The Sadness That Comes With Retirement
Anybody else experience this? I love my work. And...my "retirement" will certainly include plenty of more work. But, it will be fun stuff. No more 9-5 with a boss. And, I have options lining up. I'm pulling the plug on my engineering career in a few months. I realized something looking back on things. I've had the luck to work in a few jobs where I got to work with a small team of very competent, intelligent and good colleagues. Looking back I realized that each time those teams were blown up by inept management. And, it makes me wonder. What the hell is wrong with people? It's a microcosm of what I see at the national level. Cruz's state is in very serious trouble so he flies off to Cancun just being the very latest example. Looking back it appears that almost anybody anymore who seeks positions of power are really intellectually flawed. I'm retiring from this position at a pretty young age simply because those above me are perfectly fine with me working myself into an early heart attack.
This morning I found a picture of the best architect I've ever worked with. It was when he and I spoke to a large audience of architects and engineers at an event in S.F. He and I were such a potent duo working side-by-side, industry experts. We were there with the boss who hired us who is a brilliant guy. Soon after that meeting upper management yanked my boss out of that position, replaced him with somebody only because they wanted the job and our team quickly dissolved. My former boss retired in disgust and rides his bike around town sampling the local beers (I'm joining him on that and we're planning our bike trips), and my former architect colleague has been directed to compile staff workload spreadsheets for the office.
It makes me really look at our world holistically and think about guiding my children on their futures. The old "work hard, take care of your family and retire" paradigm that we established post WW2 in America is dead.

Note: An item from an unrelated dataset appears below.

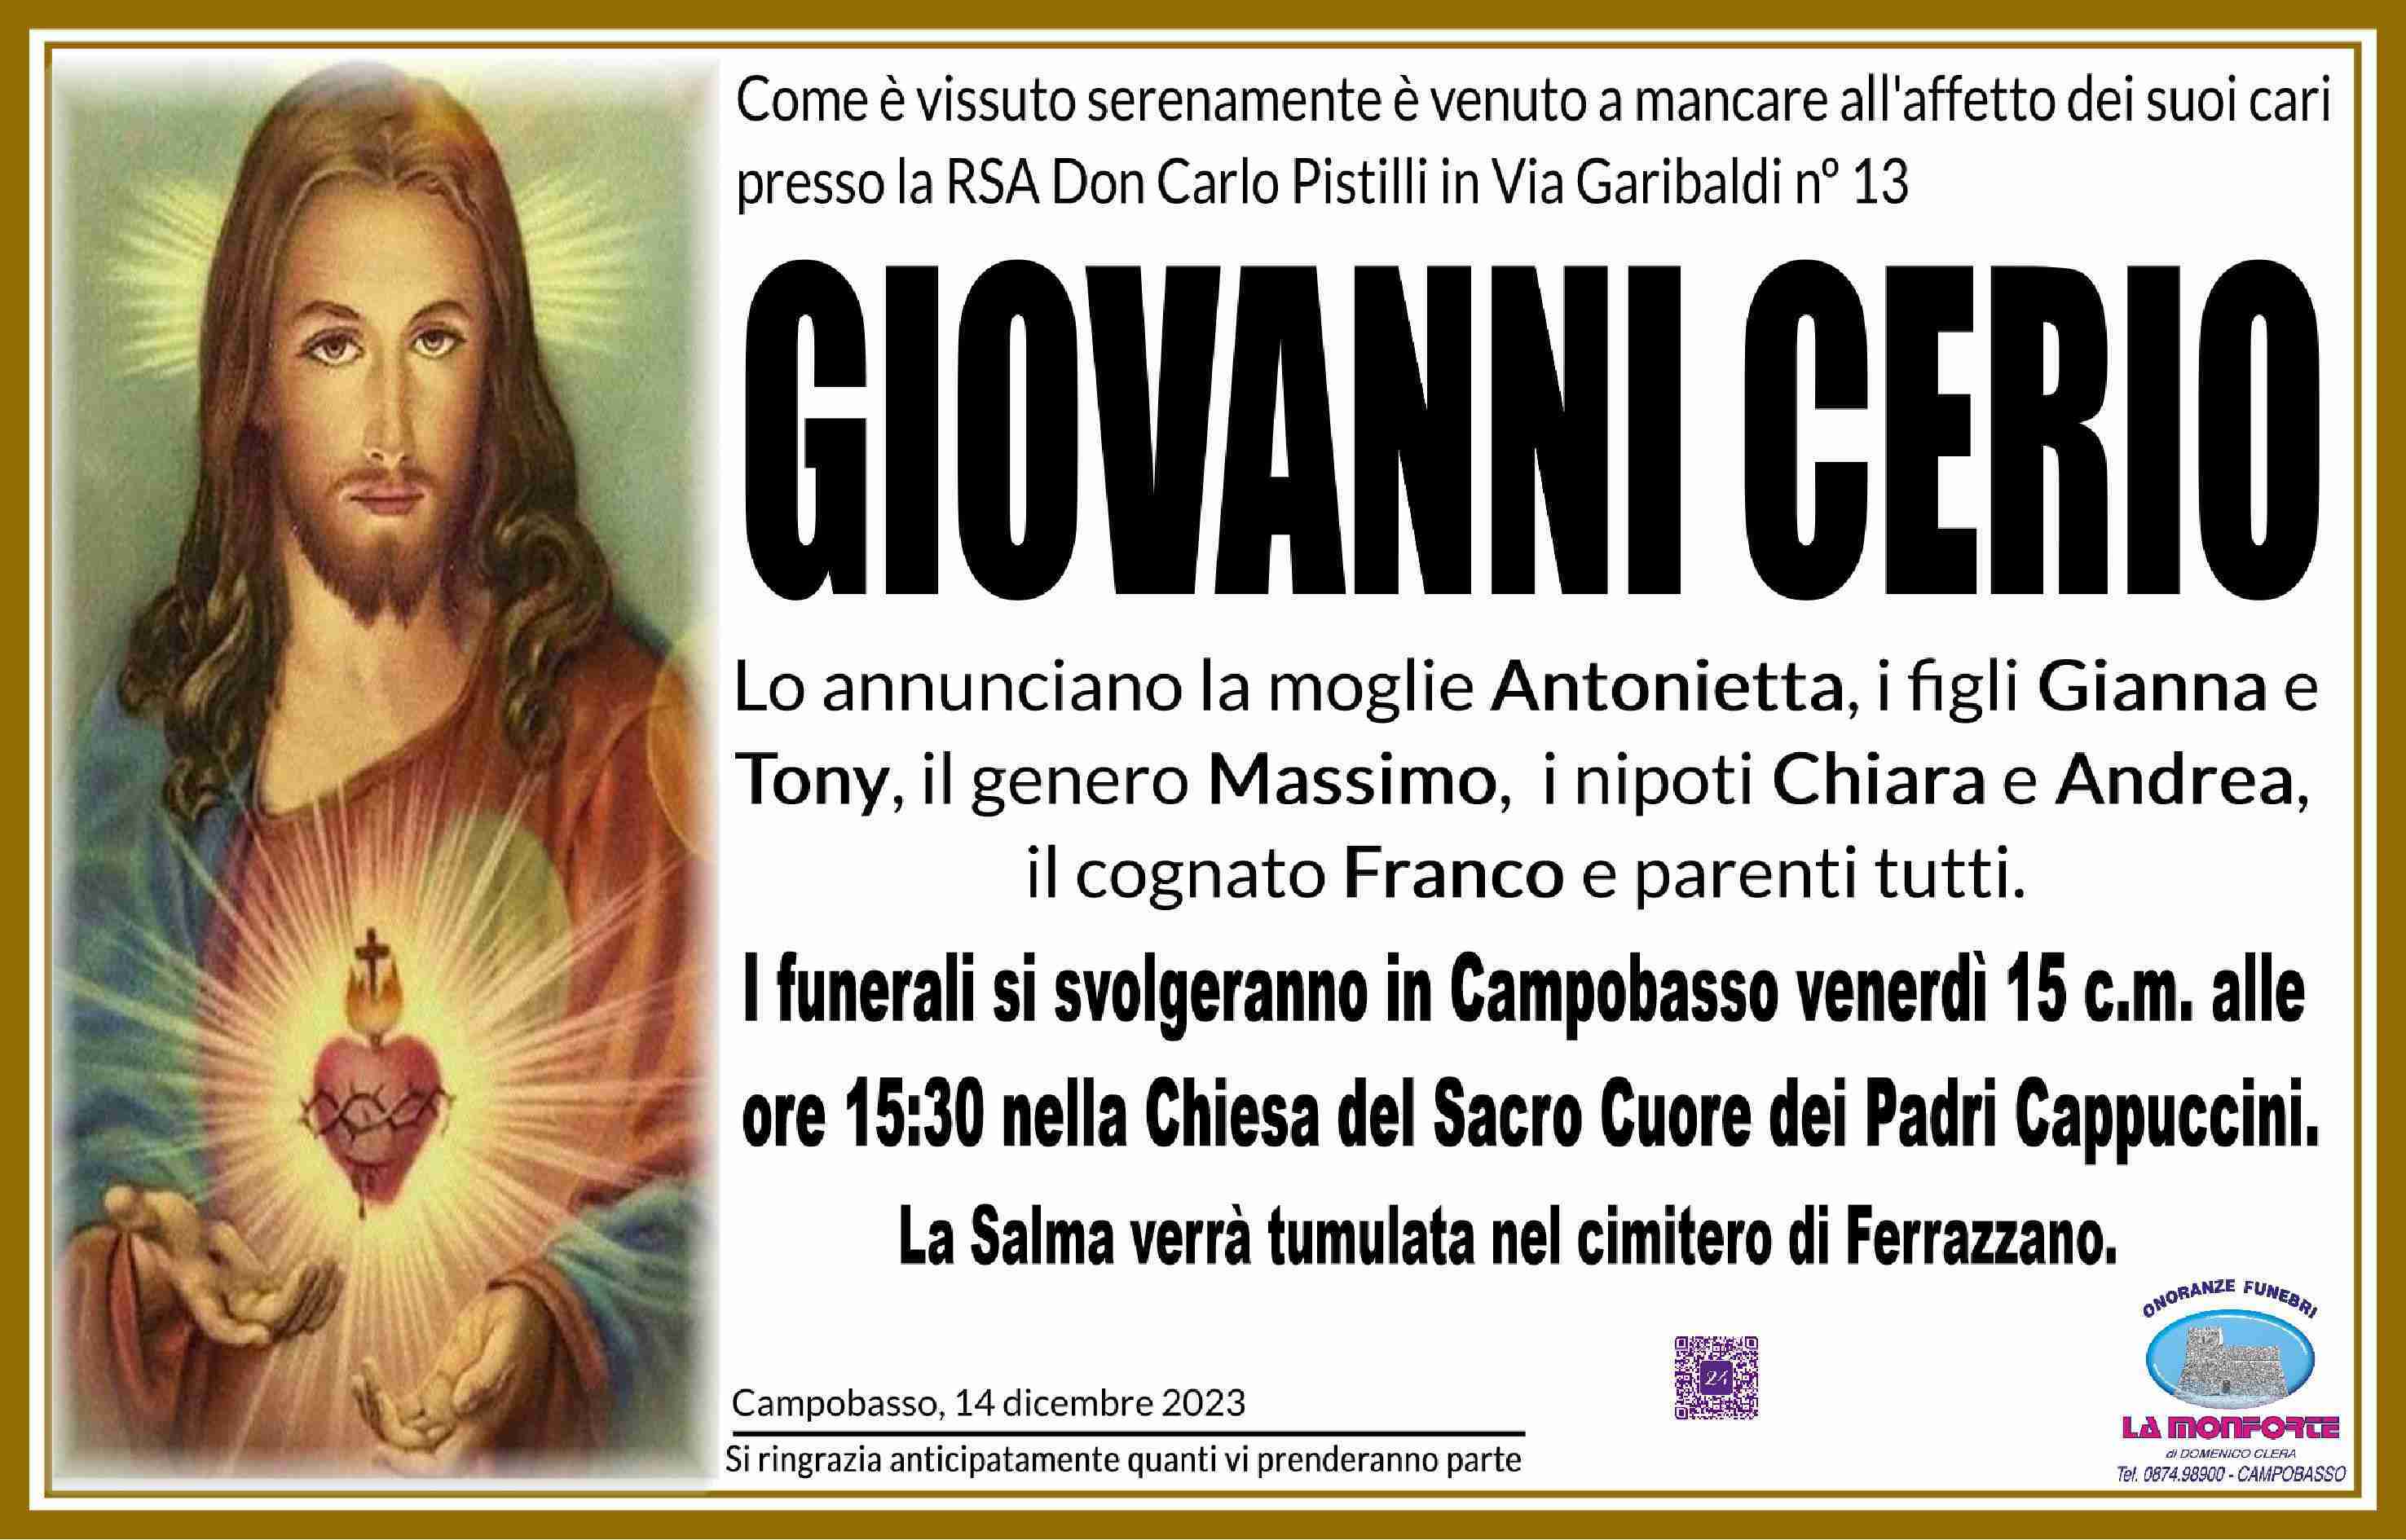 Giovanni Cerio

Totally dead. But, as I've taught my son...knowing is half the battle...
This morning I found a picture of the best architect I've ever worked with. It was when he and I spoke to a large audience of architects and engineers at an event in S.F. He and I were such a potent duo working side-by-side, industry experts. We were there with the boss who hired us who is a brilliant guy. Soon after that meeting upper management yanked my boss out of that position, replaced him with somebody only because they wanted the job and our team quickly dissolved. My former boss retired in disgust and rides his bike around town sampling the local beers (I'm joining him on that and we're planning our bike trips), and my former architect colleague has been directed to compile staff workload spreadsheets for the office.
It makes me really look at our world holistically and think about guiding my children on their futures. The old "work hard, take care of your family and retire" paradigm that we established post WW2 in America is dead. Totally dead. But, as I've taught my son...knowing is half the battle...
To quote AR. “This is their world. They created it. Leave them to it.”
So here is where I am. I am a dinosaur. Private practioners are a dying breed, for financial reasons. Young graduates come out of school with $250,000 to $500,000 in debt, only to make about half as much as the preceding generation. This is due to the fact that insurance companies essentially set our fees, and income goes down while costs go up. I would love to get a new graduate to come in and work with me a couple of years and then slowly buy me out, but it’s not going to happen. That’s a thing of the past. So my practice and my way of practicing, putting ethics and the patient first, is dead. The only way for dentistry to survive at this point is to have huge groups and commit massive fraud and throw ethics away. I know this, as I sat on our state dental board for 10 years.
And one more thing: the quality of the graduates has declined precipitously in the last 10 years. I’m not sure I could deal with a “partner” who was incompetent, and the odds of that is high.
Just another example of how our country is changing. The patients, by the way, are the ones who get screwed.
So you’re not the only one who is retiring in disgust. Most of all, I am so sad to see where my profession, which I respected highly, has gone, like a lot of America these days.
Wow, I had some time to rant, didn’t I?
I think the post-WWII concept of a career path isn’t all it’s cracked up to be. I think it partly came from WWII-era price controls and regulation. Historically people didn’t have one job take care of them, and they didn’t plan on having a period toward the end of their life when they would not work.
Since I’ve run a business I have a new respect for inept managers and even more respect for managers who build something excellent. Life is too short to work on even a tiny fraction of the endeavors that are out there. Don’t pick one with seriously inept people or that doesn’t work with you for any reason.
I try to have grace toward political faux pas like Cruz going on vacation during a crisis. In all areas of life there is a lurid world of people angling to make one another look good or bad in the eyes of others. I try to live for myself and ignore those empty calories. I try to ignore the politics and work the problem. Politics is lurid and hard to look away from. It sometimes feels like it unfortunately matters more than the underlying task, and that the world is mismanaged. When I look back with perspective, tough, usually getting the underlying work done mattered more than politics. The world is mismanaged, in the way all processes have inefficiencies. I try to focus on what I’m trying to accomplish and not ruminate on value lost to inefficiency.